1

When need to understand my drake plan, vis_drake_graph() comes in handy, and it displays the time that each target took to run. This is very helpful in figuring out whether targets should be broken down to reduce re-run time on small changes.

My need is related: Because many of my long-running targets involve the manipulation of large data sets, it is important for me to understand the size that each cached target takes on disk. This would help me understand if targets should be combined to prevent the storage of huge intermediate results (even if it would increase re-run time in case of a change to the combined target).

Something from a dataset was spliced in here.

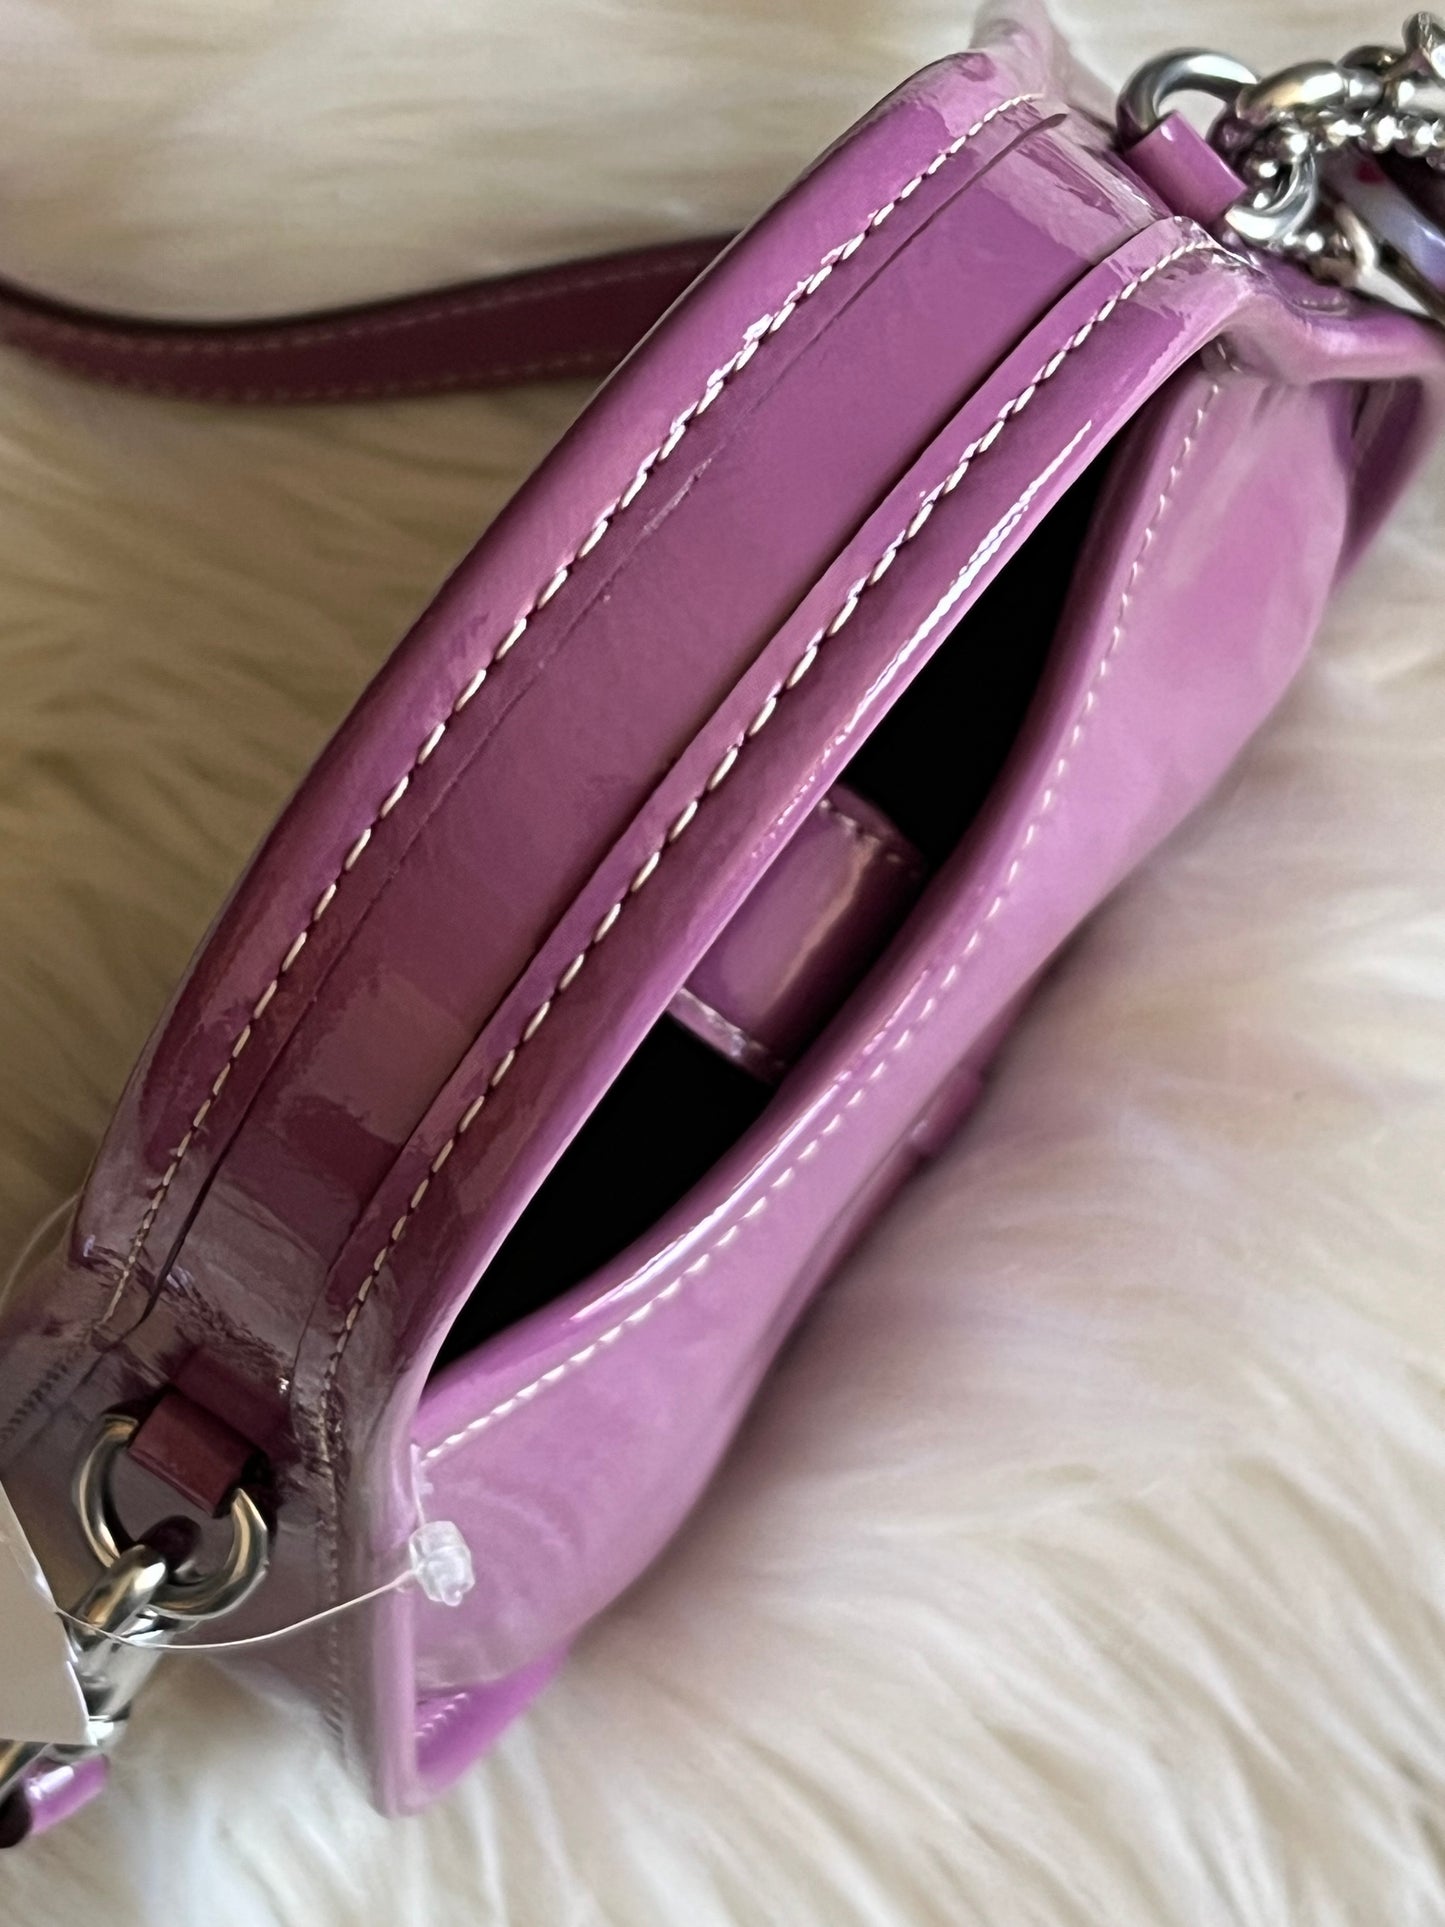 Coach Mini Ergo Bag with Crossbody Strap in Crinkled Patent Leather

Examining both the config object and the intermediate object returned by drake_graph_info(), I have not been able to find this information. I was thinking that it might be very useful to have this information, and potentially other information (such as the time a target was last run) shown by specifying parameters to vis_drake_graph() or even just by examining the config object manually.

So the question is, is there a way to get this information?

Magnus
  • 23,900
  • 1
  • 30
  • 28

2 Answers2

2

drake uses a package called storr to handle the storage of targets. As far as I know, storr does not have an easy way to get file size information. However, at least for the default storr_rds() cache type, maybe it should. You could request it as a feature. If implemented, we would have an easier version of the following workaround, at least in the case of RDS caches.

library(drake)
load_mtcars_example()
make(my_plan, verbose = 0L)
cache <- get_cache() # or storr::storr_rds(".drake")
root <- cache$driver$path
hash <- cache$driver$get_hash("small", namespace = "objects")
path <- file.path(root, "data", paste0(hash, ".rds"))
file.exists(path)
#> [1] TRUE
file.size(path)
#> [1] 404

Created on 2019-05-07 by the reprex package (v0.2.1)

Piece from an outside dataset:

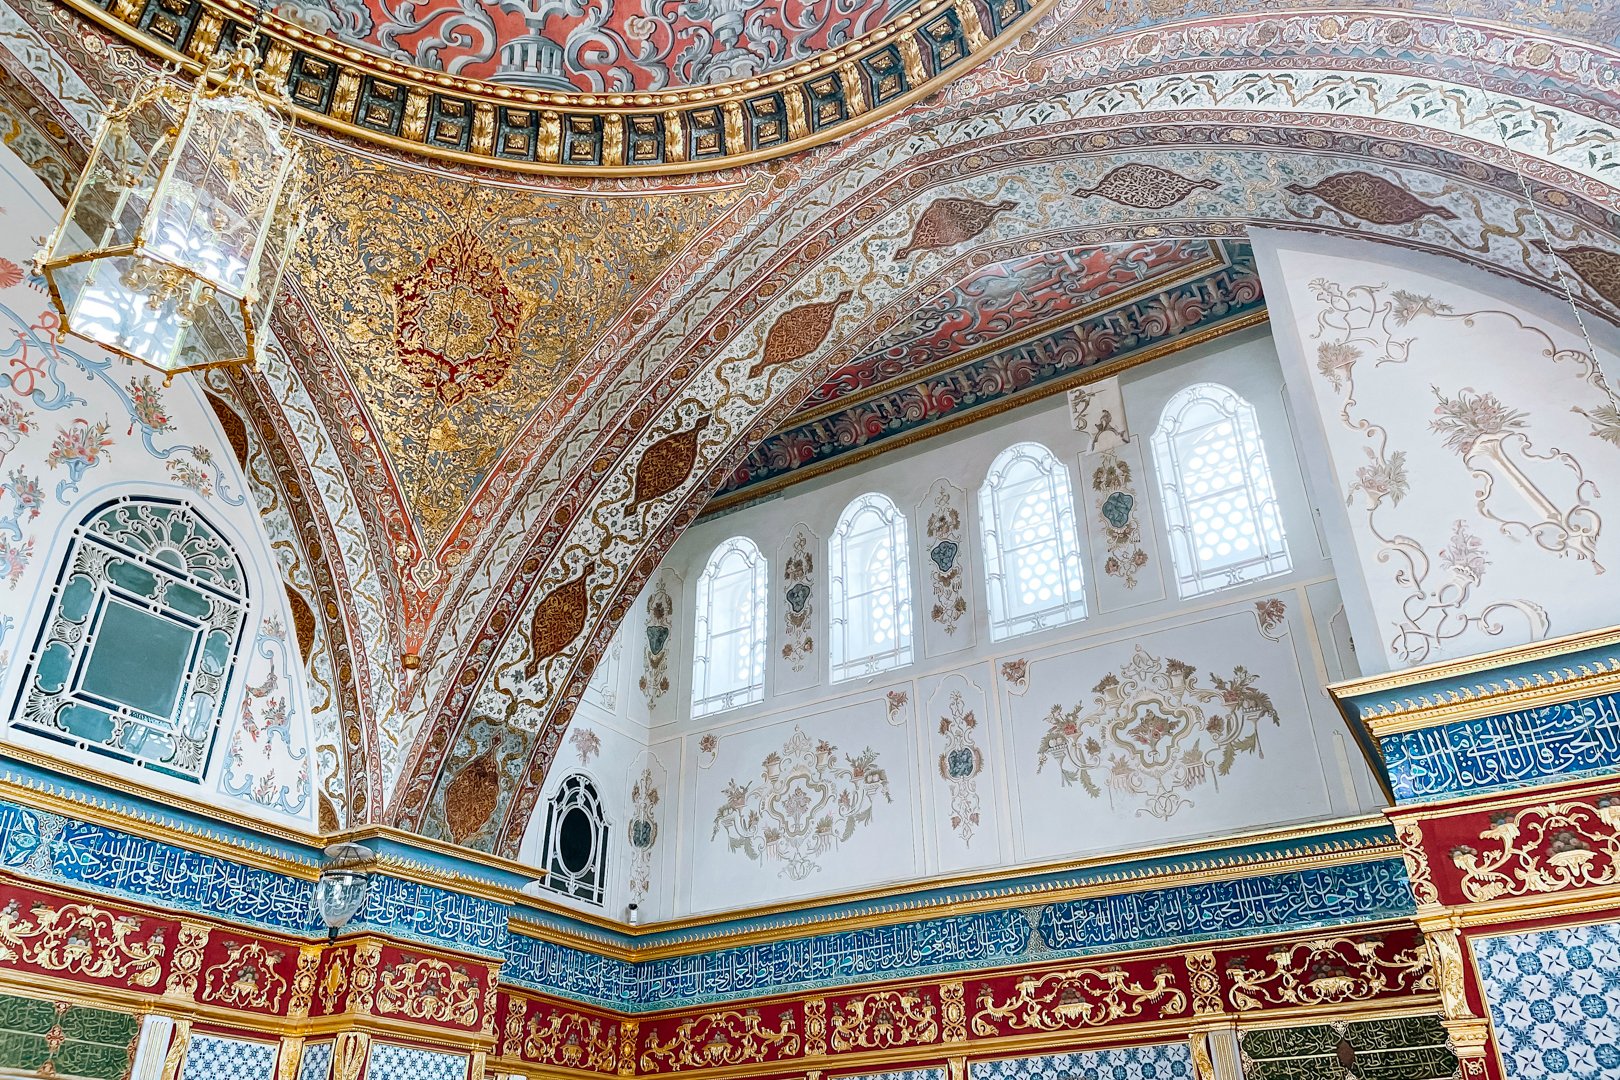 Ceiling and wall details inside of the Topkapi Palace in Istanbul

drake is all about repetition and runtime, and storr is all about data and storage. As we think about new features, I would prefer to keep these separate goals in mind.

landau
  • 5,636
  • 1
  • 22
  • 50
2

Thanks for the answer @landau, using this info I implemented a function that reports the size of a target, allowing one to quickly check the sizes of all targets in a plan:

library(tibble)
library(drake)

get_target_size <- function(target) {
    cache <- get_cache() # or storr::storr_rds(".drake")
    root  <- cache$driver$path
    hash  <- cache$driver$get_hash(target, namespace = "objects")
    path  <- file.path(root, "data", paste0(hash, ".rds"))
    if ( file.exists(path) ) {
        file.size(path)
    } else {
      NA
    }
}

load_mtcars_example()
make(my_plan, verbose = 0L)
tibble( target = my_plan$target, 
        size = sapply(my_plan$target, get_target_size))

The output is:

# A tibble: 15 x 2
   target                  size
   <chr>                  <dbl>
 1 report                    55
 2 small                    404
 3 large                    463
 4 regression1_small       2241
 ...

I think that will suffice for my needs, and understand that it might not make sense to implement it as part of drake unless there was a more general solution that worked for any storage type.

Magnus
  • 23,900
  • 1
  • 30
  • 28